# Monday Madness:  "Winter Flurry" through 1/3/2016!



## rhonda (Nov 23, 2015)

Posted today on the Monday Madness page: All Resorts!



			
				WM Monday Madness page said:
			
		

> Start Planning!	 Monday Madness Winter Flurry!
> *ALL Resorts, Including Exotics*!*
> 
> Grab your calendar and fill it up with vacations! Head to the beach, golf course, mountains, lakes, theme parks, spas, wineries and more. Take advantage of the 11-month booking window and plan some fun in 2016! The sooner you book, the better the availability, so don't wait! To take advantage of this special offer book online by Sunday, January 3rd.
> ...


----------



## presley (Nov 23, 2015)

That's great! Over a month to think and plan.


----------



## LLW (Nov 24, 2015)

I know, credits are sometimes rented by owners at 7 cents now, sans HK, although MM has the 11 months, 7 nights, 6 weeks, and 6 reservations limit.
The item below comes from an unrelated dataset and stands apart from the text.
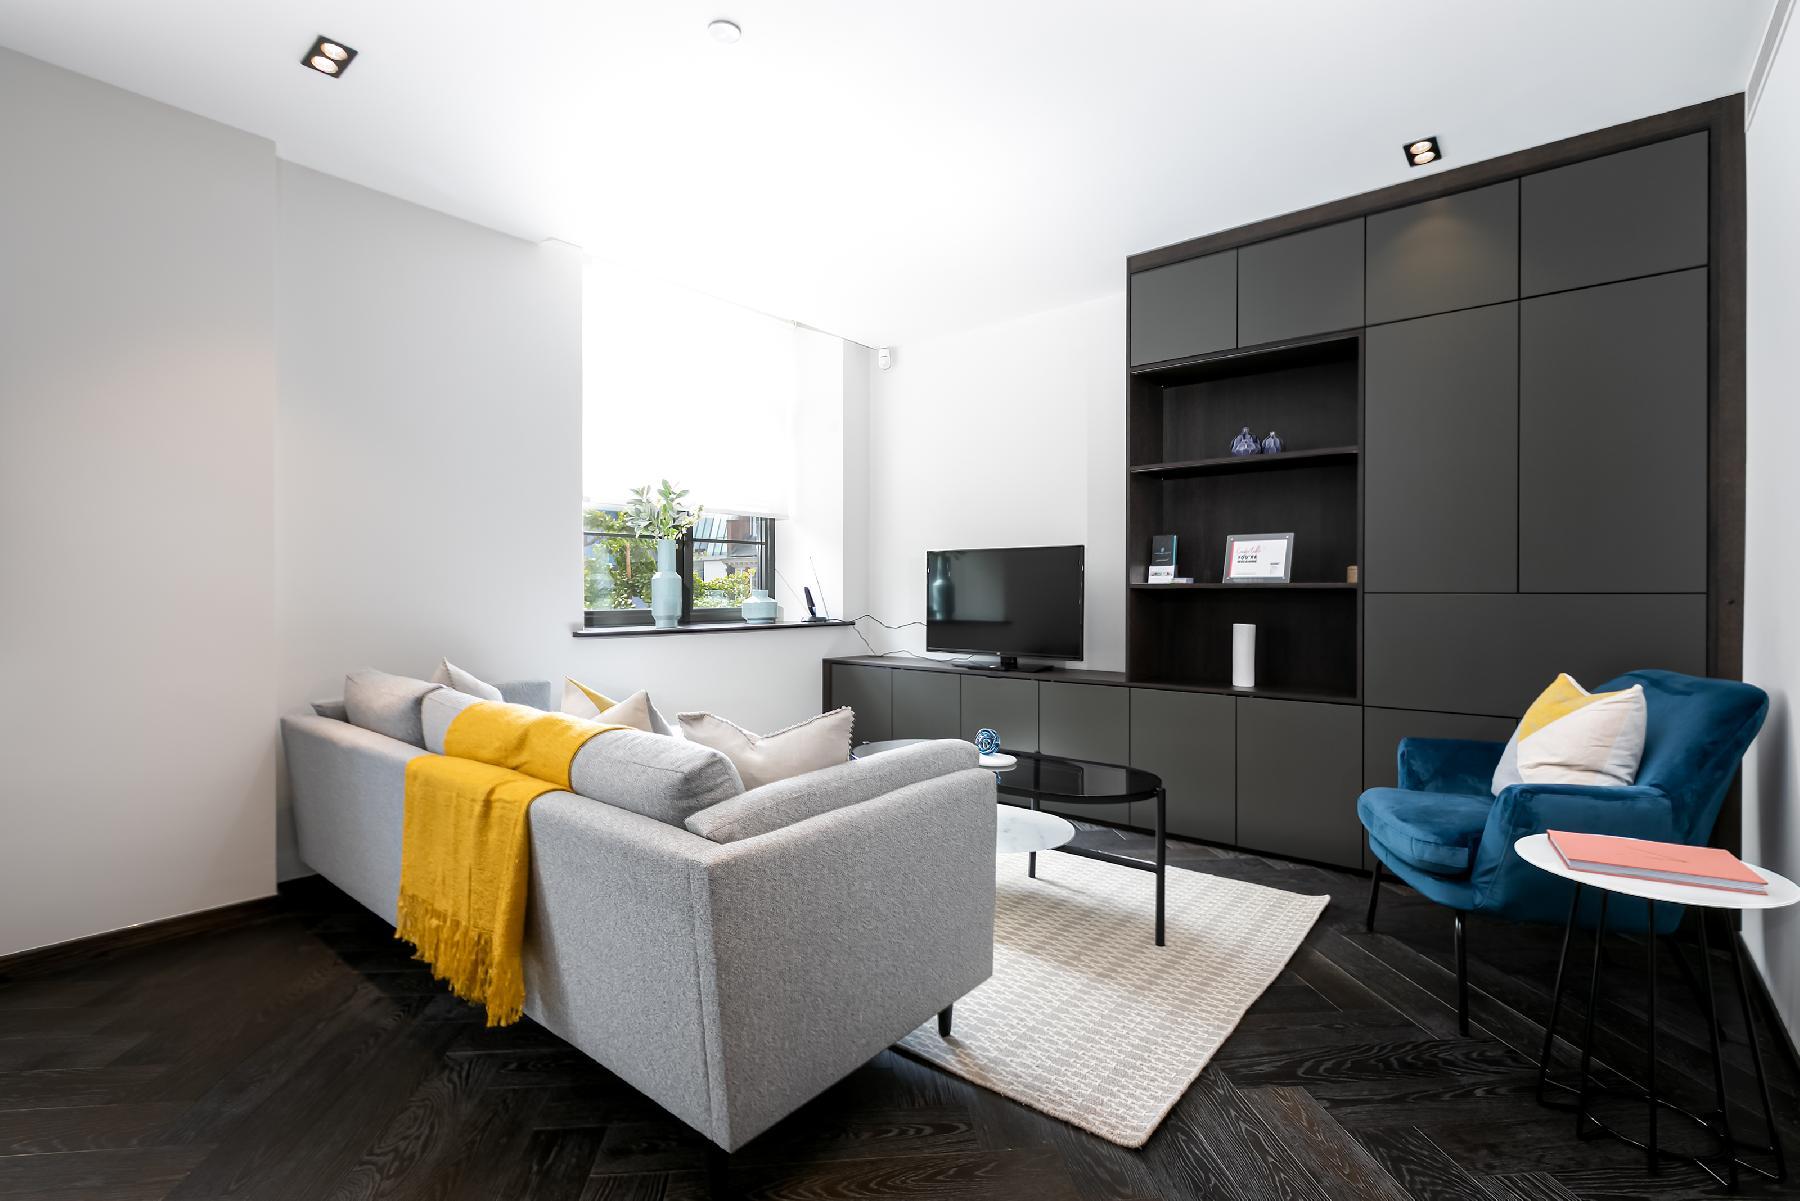 Oxford Street V, exceptional 1 bedroom flat by LOVELYDAYS

They have done this at yearend for some time now.

There are some great resorts on Inventory Specials now.


----------



## CO skier (Nov 24, 2015)

Yesterday, I used the Winter Flurry special to book a 6-day vacation next summer at WM Wolf Creek, UT.

With the 10,000 credits saved plus a few more, I booked a 13 month ski vacation for Christmas vacation in 2016.

For those who learn how to fully utilize  WorldMark, it just cannot be beat.


----------



## alwysonvac (Nov 24, 2015)

Thanks for the heads up


----------



## CCR (Dec 1, 2015)

*Confused on booking*

What if I book a Monday Madness deal and pay cash at the $.07 deal.  That includes housekeeping correct?  What is their refund policy on those types of reservations?

Sorry I'm new to Worldmark.


----------



## LLW (Dec 2, 2015)

CCR said:


> What if I book a Monday Madness deal and pay cash at the $.07 deal.  That includes housekeeping correct?



Correct.


> What is their refund policy on those types of reservations?
> 
> Sorry I'm new to Worldmark.



Regular cancelation policy applies. Cancelation before deadline gets full refund, after deadline no refund. Deadlines are:
* 30 days before use if booked 91 days - 13 months in advance
* 10 days before use if booked 15 days - 90 days in advance
* 48 hours before use if booked 48 hours -14 days in advance
* no cancelation if booked within 48 hours

In addition, there are special terms and conditions:
https://www.worldmarktheclub.com/mondaymadness/mmtc.shtml


----------



## CCR (Dec 2, 2015)

LLW said:


> Correct.
> 
> 
> Regular cancelation policy applies. Cancelation before deadline gets full refund, after deadline no refund. Deadlines are:
> ...




Thanks!!!  Looks like a great option for us.


----------